IPTables has always been a relatively flexible and modular firewall; if it can't currently test for a particular packet characteristic, you have the option of writing a test or modifying an existing test. The catch - as with so much of open source - is that most of us aren't programmers.
It turns out we do have an option that doesn't require programming. Don Cohen was kind enough to write an IPTables module that pulls any bytes you'd like out of the packet, does some manipulation, and sees if the result is in a particular range. For example, I can grab the Fragmentation information out of the IP header, throw away everything except the More Fragments flag, and see if that flag is set.
Without writing any C code at all. :-)
What I'll do is introduce the core concepts here, and put in hopefully enough annotated examples that you'll be able to write your own tests.
I won't be focusing on what these fields are, or why you'd want to test them; there are lots of (warning - shameless plug for my employer ahead!) resources for doing that. If you simply need a quick reference for the packet headers, see tcpip.pdf.

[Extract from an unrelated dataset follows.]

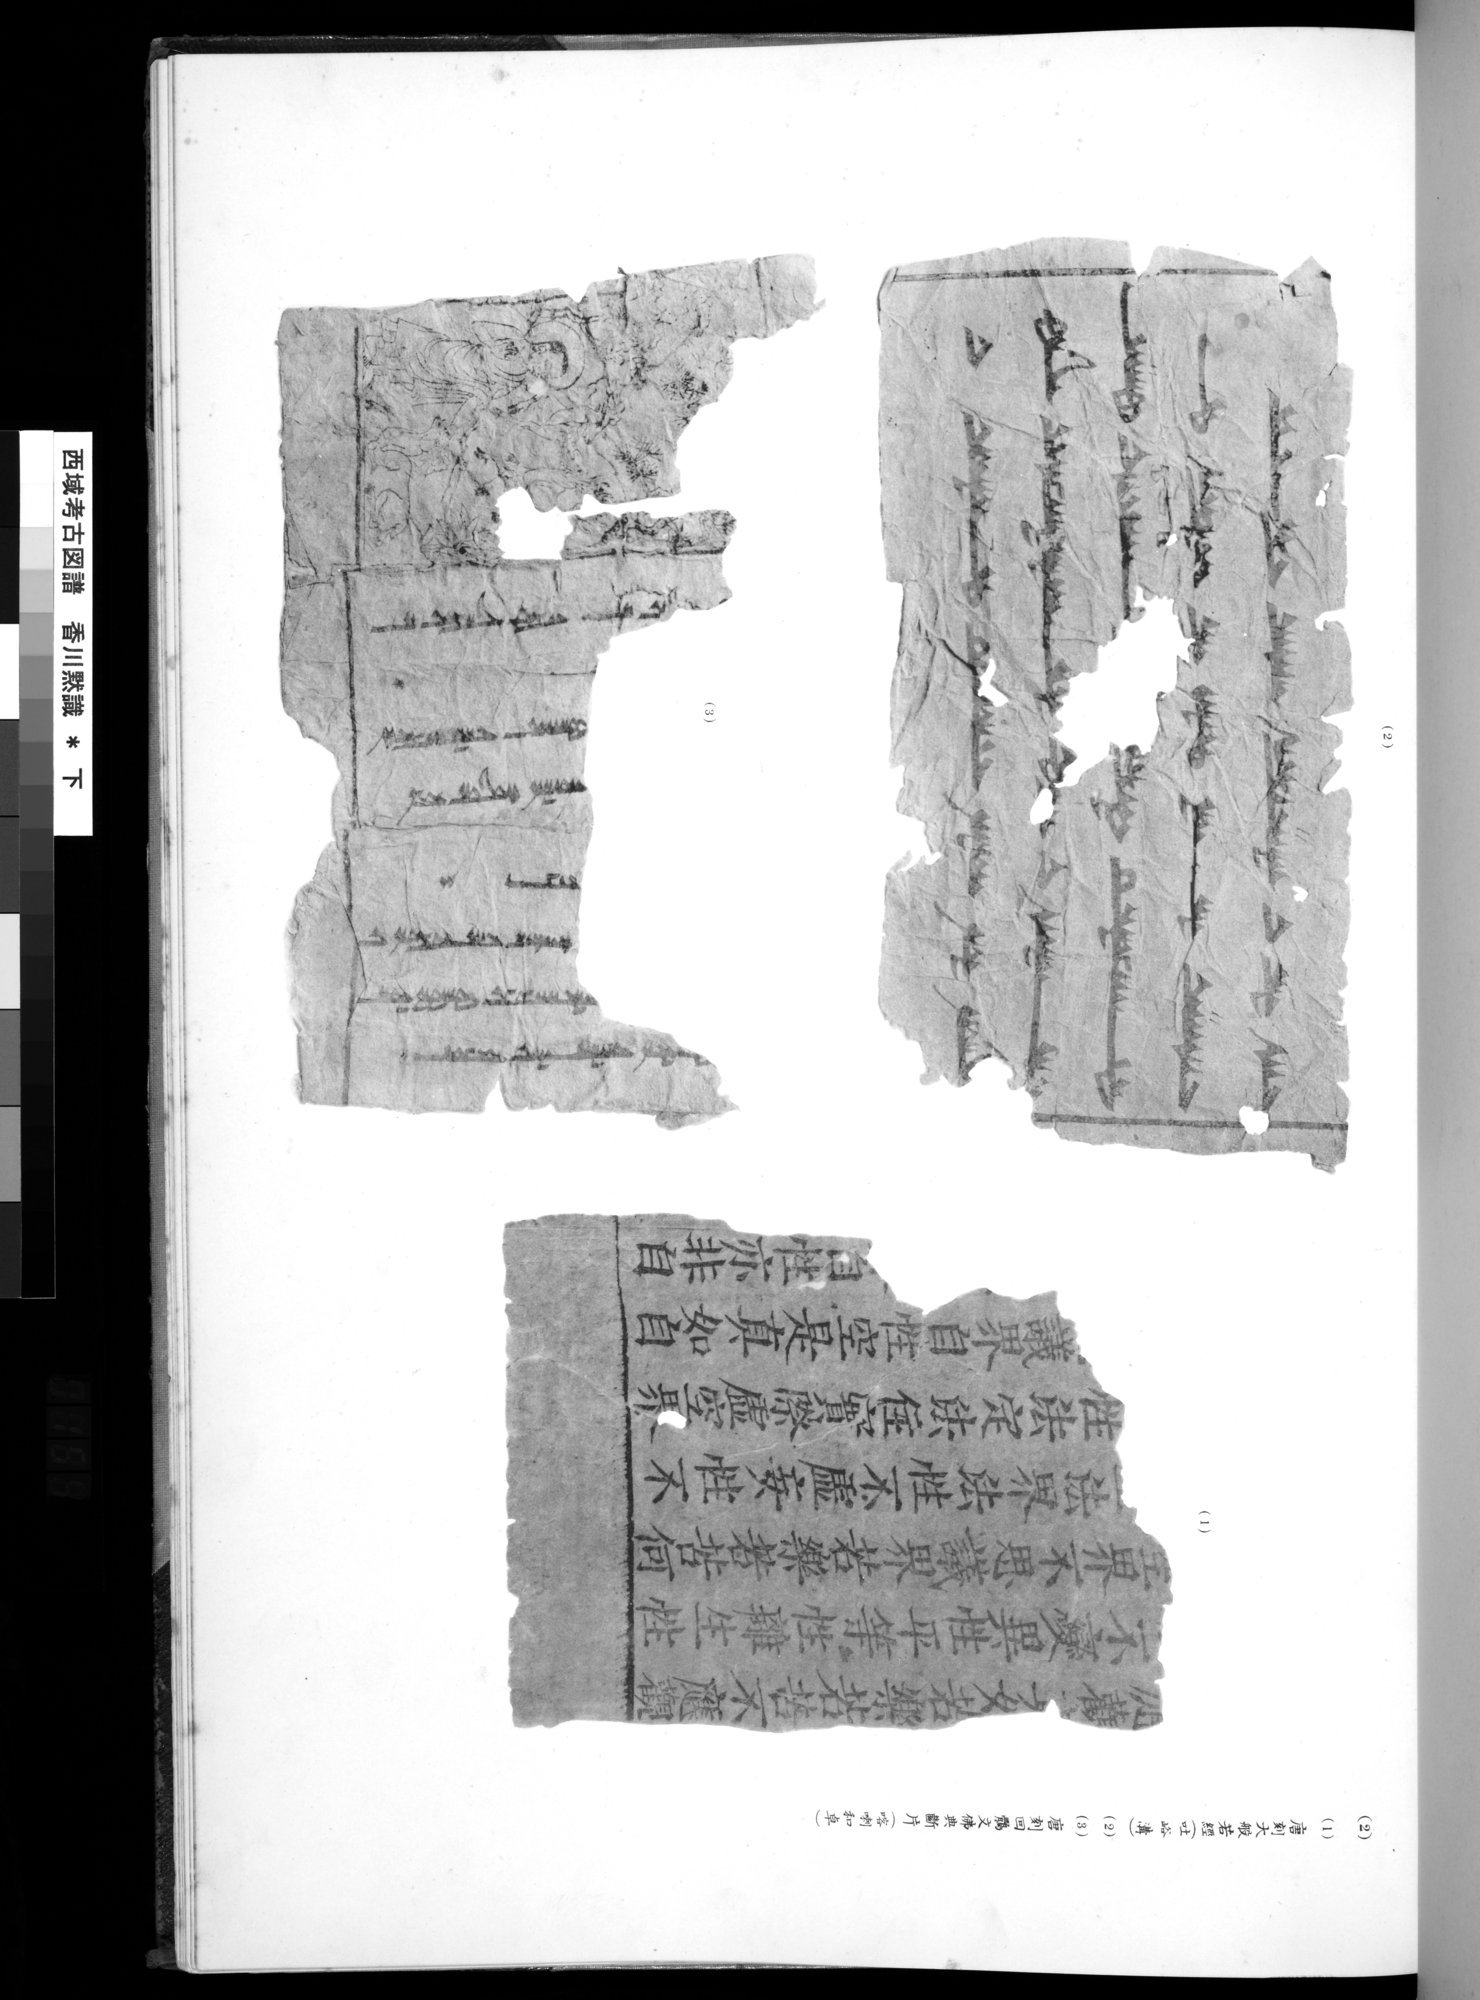 西域考古図譜 : vol.2 / Page 307 (Grayscale High Resolution Image)
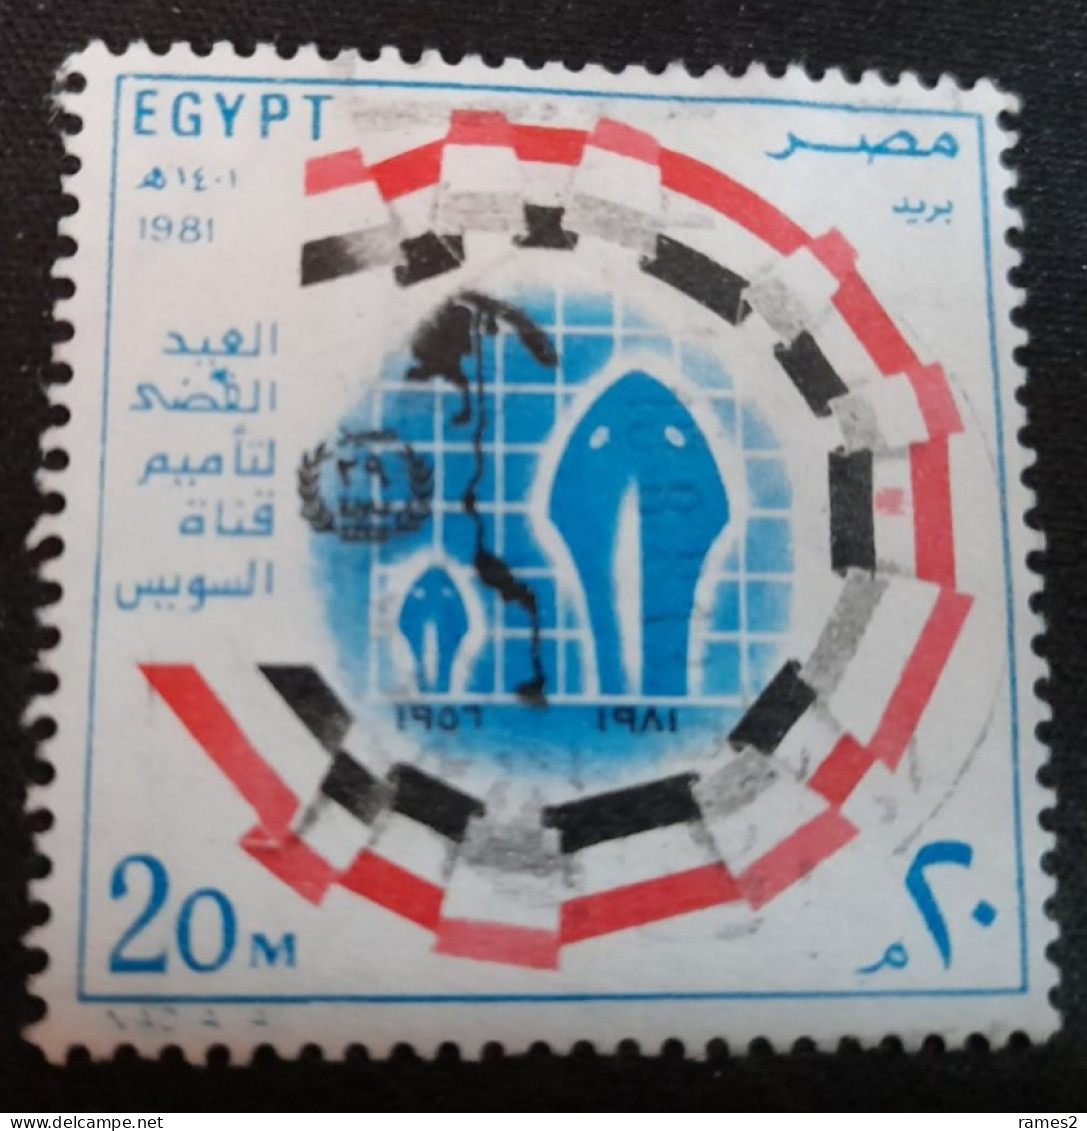 Egypte > 1953-.... République > 1980-89 > Oblitérés N° 1147 - Used Stamps

All byte positions in this article start counting at 0 as the first byte of the header. For example, in the IP header, byte "0" holds the 4 bit "Version" and 4 bit "IP Header Length", byte "1" holds the "TOS" field, etc.
In it's simplest form, u32 grabs a block of 4 bytes starting at Start, applies a mask of Mask to it, and compares the result to Range. Here's the syntax we'll use for our first examples:
iptables -m u32 --u32 "Start&Mask=Range"
We'll generally pick a "Start" value that's 3 less than the last byte in which you're interested. So, if you want bytes 4 and 5 of the IP header (the IP ID field), Start needs to be 5-3 = 2. Mask strips out all the stuff you don't want; it's a bitmask that can be as large as 0xFFFFFFFF. To get to our target of bytes 4 or 5, we have to discard bytes 2 and 3. Here's the mask we'll use: 0x0000FFFF . We'll actually use the shorter, and equivalent, 0xFFFF instead.
So, to test for IPID's from 2 to 256, the iptables command line is:
iptables -m u32 --u32 "2&0xFFFF=0x2:0x0100"
To read this off from left to right: "Load the u32 module, and perform the following u32 tests on this packet; grab the 4 bytes starting with byte 2 (bytes 2 and 3 are the Total Length field, and bytes 4 and 5 are the IPID), apply a mask of 0x0000FFFF (which sets the first two bytes to all zeroes, leaving the last two bytes untouched), and see if that value - the IPID - falls between 2 and 256 inclusive; if so, return true, otherwise false."
There is no standalone IPID check in IPTables, but this is the equivalent of the "ip[2:2] >= 2 and ip[2:2] <= 256" tcpdump/bpf filter.
I leave off actions in these examples, but you can add things like:
-j LOG --log-prefix "ID-in-2-256 "
or any other action. You can also add other tests, as we'll do in a minute.
Don offers this test to see if the total packet length is greater than or equal to 256. The total length field is bytes 2 and 3 of the IP header, so our starting position is 3-3 = 0. Since we're pulling out two bytes again, the mask will be 0xFFFF here as well. The final test is:
iptables -m u32 --u32 "0&0xFFFF=0x100:0xFFFF"
This is the same as:
iptables -m length --length 256:65535
or the bpf filter
"len >= 256"
Much the same, except we'll use a mask of 0x000000FF (or it's shorter equivalent 0xFF) to pull out a single byte from the 4 bytes u32 initially hands us. Let's say I want to test the TTL field for TTL's below 3 to find people tracerouting to us. Yes, there's a ttl module, but let's see how this would be done in u32.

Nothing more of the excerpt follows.